Paul James Reid (born 6 July 1979) is an Australian international footballer who is an assistant coach for Sydney FC in the A-league.

Reid previously played for Wollongong Wolves during championship winning seasons before moving to England where he played for six years with Bradford City and Brighton & Hove Albion before returning to Australia.

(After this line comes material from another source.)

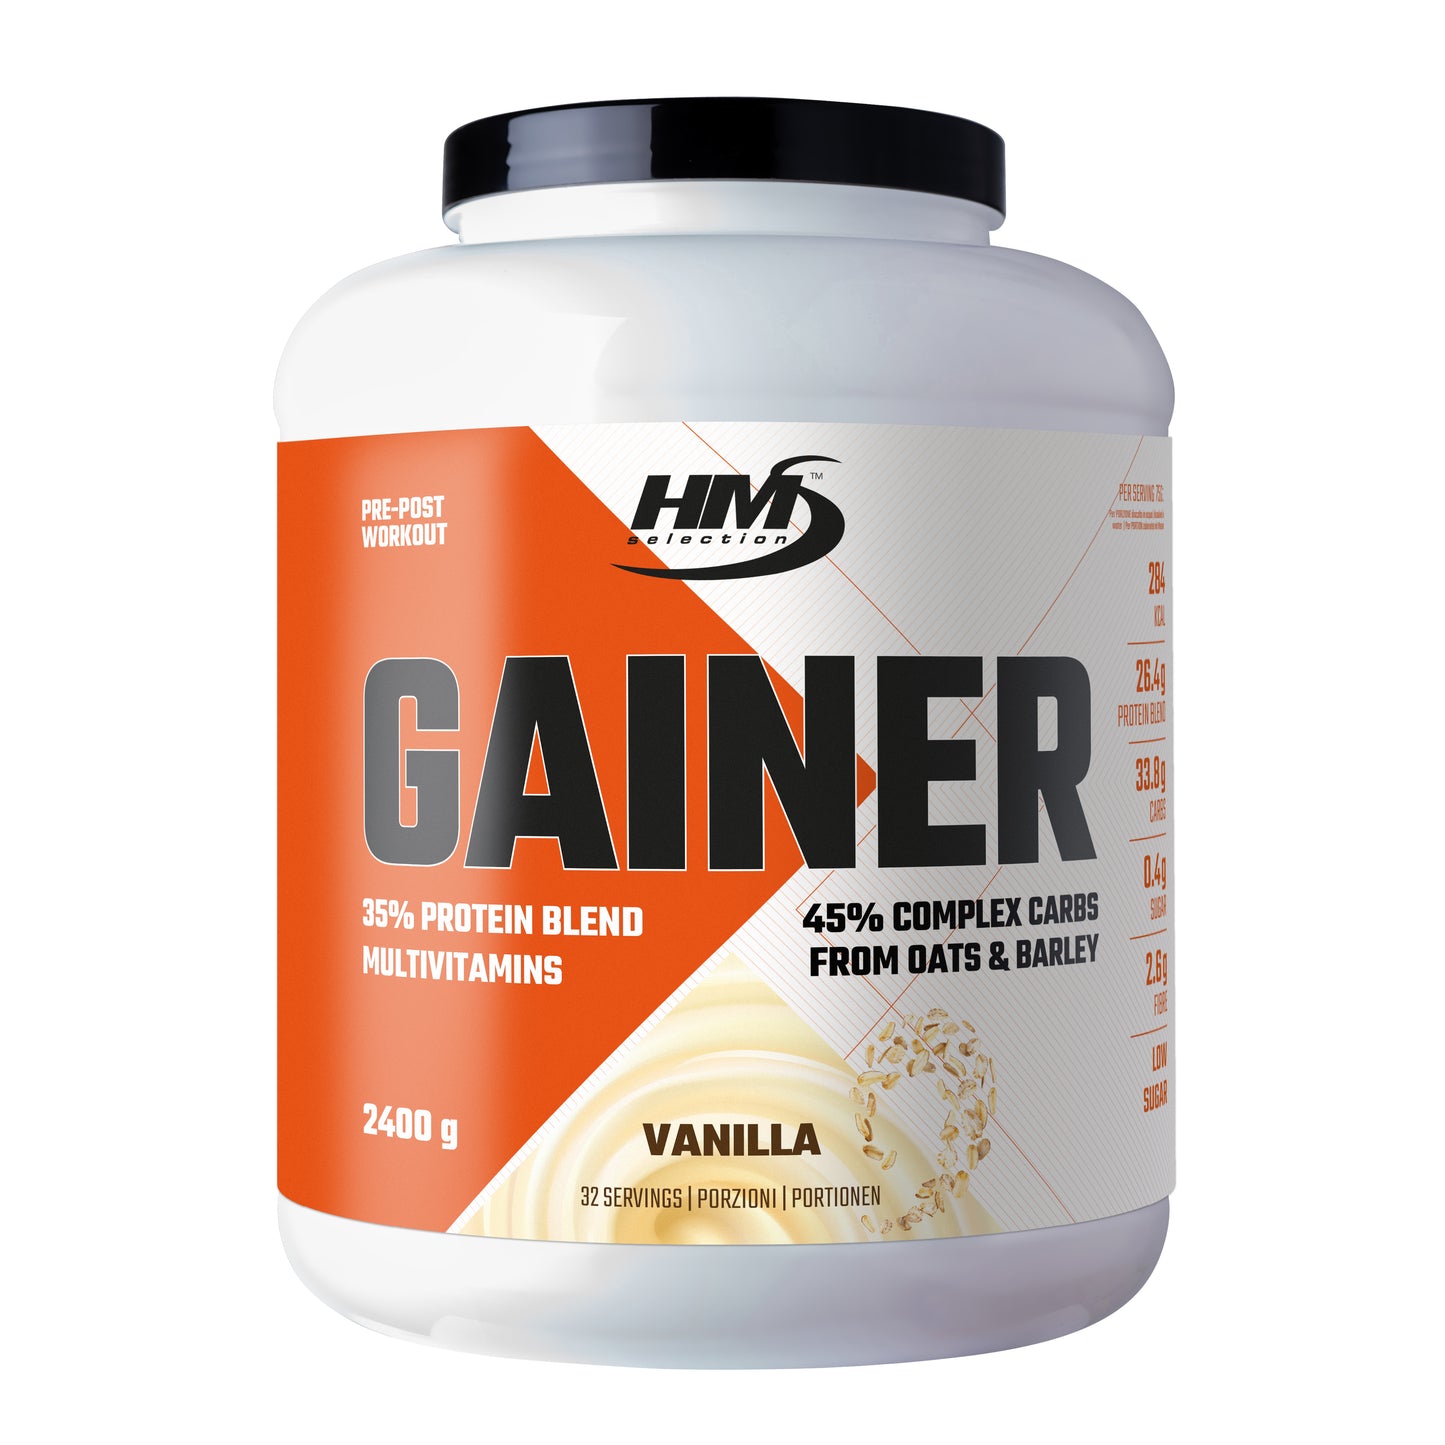 GAINER, 2400g - concentrato a base di carboidrati, proteine, vitamine e minerali

Reid has made two appearances for the Australian national team.

Early life
Born in Sydney, Australia, Reid started his youth career at Marconi Stallions alongside Socceroos, Harry Kewell and Brett Emerton in the same U-13 team and was quickly noted for his talents.

Club career
Reid went on to begin his senior football career in Australia for Wollongong Wolves in 1998. He became a cult hero during his time at the Wollongong Wolves after scoring the last minute equaliser in the 2000 grand final against Perth Glory. The Wolves went on to win the game 7–6 on penalties. In 2002, Reid moved to England and joined Bradford City, but only stayed for one season before joining Brighton & Hove Albion in 2003.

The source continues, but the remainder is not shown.